"I do declare," said King. "It was just like being in jail!"

"Have you ever been in jail?" asked Kitty, who was nothing if not literal.

"Well, no," returned her brother, "and I hope I never shall be after this experience. Grandpa and Grandma Maynard are the limit! If I had stayed there another day, I should have run away!"

Mr. Maynard, who was sitting in front with Pompton, turned round to the children.

"My dear little Maynards," he said, "unless you want to hurt your father's feelings very badly indeed, you will stop this severe criticism of your grandparents. You must remember that they are my father and mother, and that I love them very dearly, and I want you to do the same. If their ways don't suit you, remember that children should not criticise their elders, and say nothing about them. If there is anything about them that you do like, comment on that, but remain silent as to the things that displeased you."
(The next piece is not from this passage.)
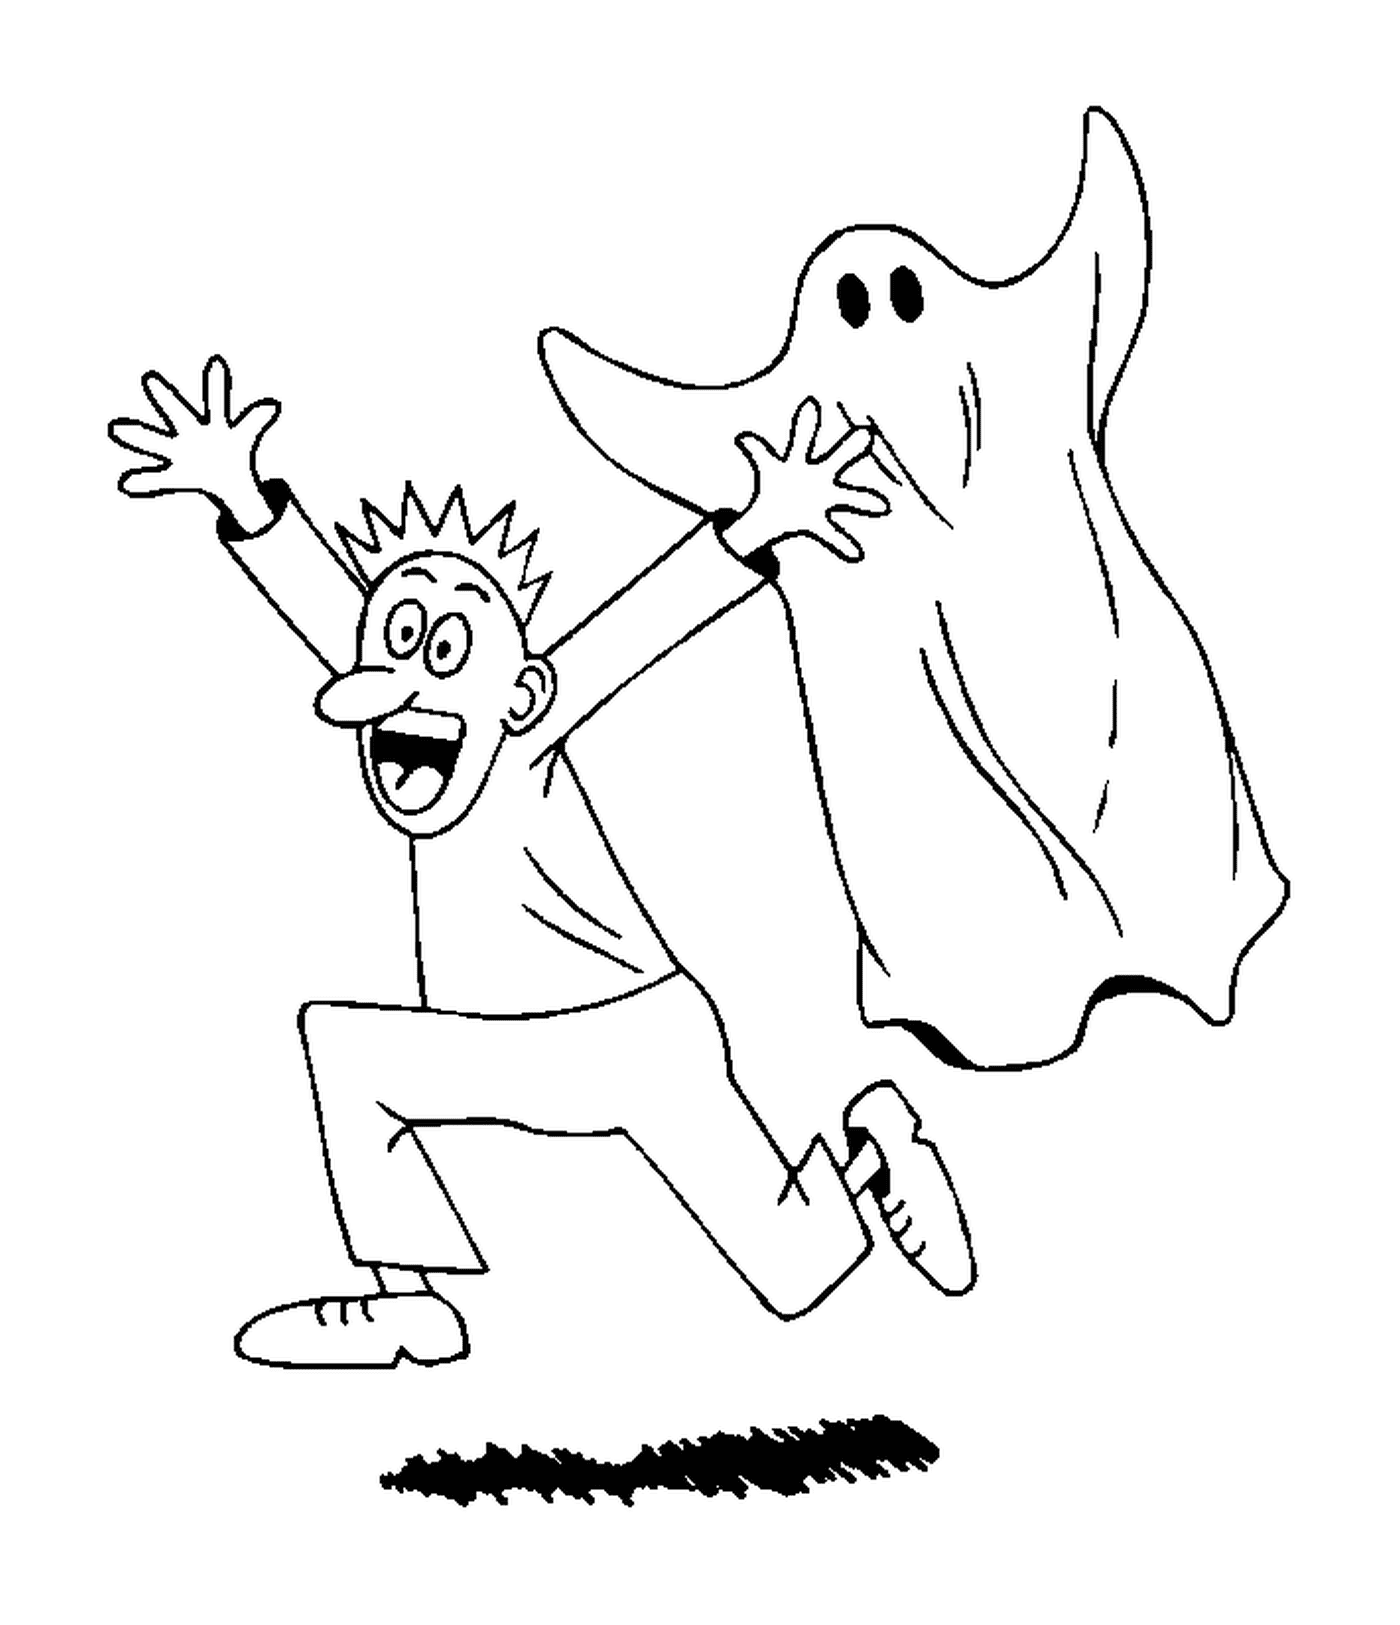  Um ser humano perseguido por um fantasma 
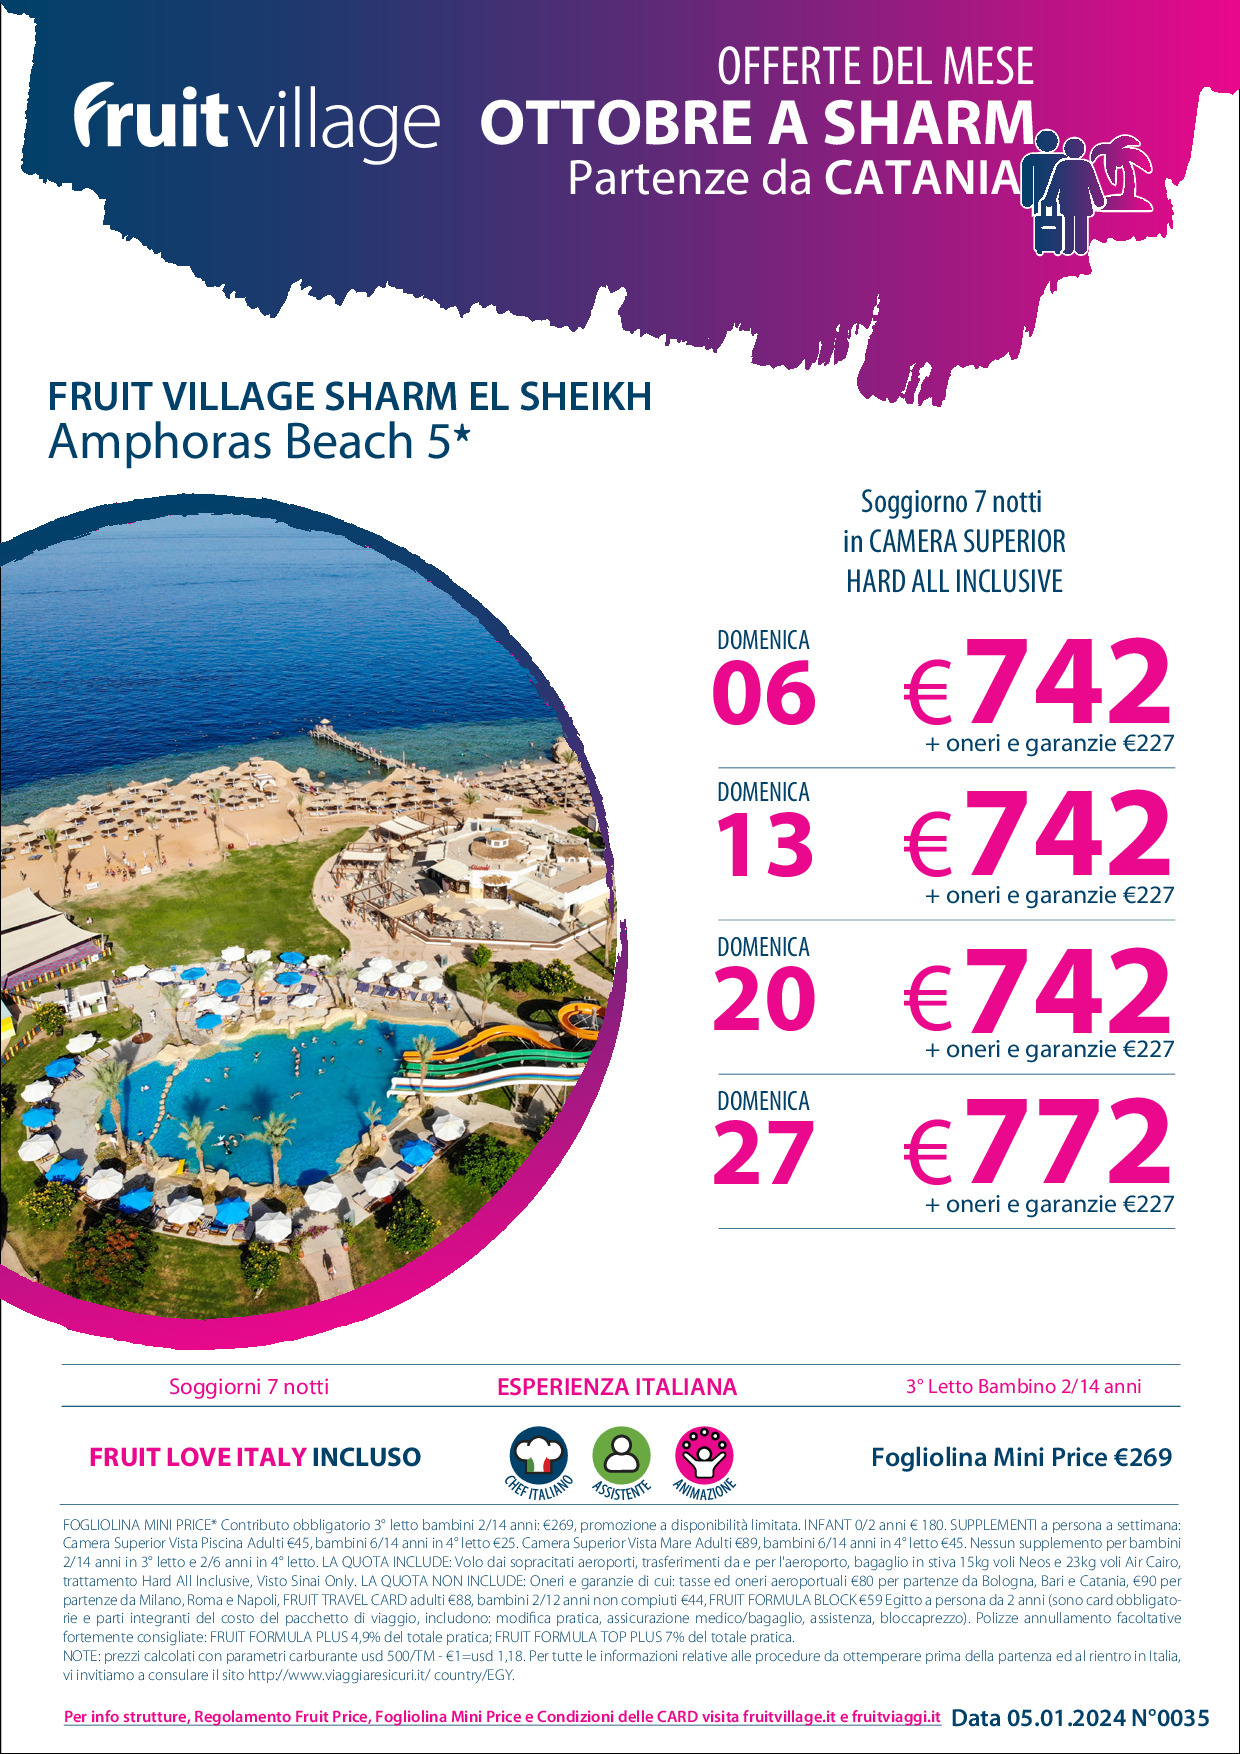 FRUIT VILLAGE Sharm el Sheikh Amphoras Beach - da Catania ad Ottobre

The Maynard children well knew that when their father talked seriously like this, it was intended as a grave reproof, and they always took it so.

"Father," said King, manfully, "I was wrong to speak as I did, and I'm
sorry, and I won't do it again. We didn't any of us like to be at Grandma
Maynard's, but I was the only one who spoke so disrespectfully. Midge and
Kitty were awfully nice about it."

"No, we weren't," confessed Kitty. "At least, I wasn't. Midget said lots of times that we oughtn't to be disrespectful, but I guess I was. But, you see, Father, it was awfully hard to please those people."

"We didn't understand them," said Marjorie, thoughtfully. "When I tried to be good I got scolded, and when I cut up jinks they gave me a present for it! Who could know what to do in a house like that?"

Mr. Maynard smiled in spite of himself.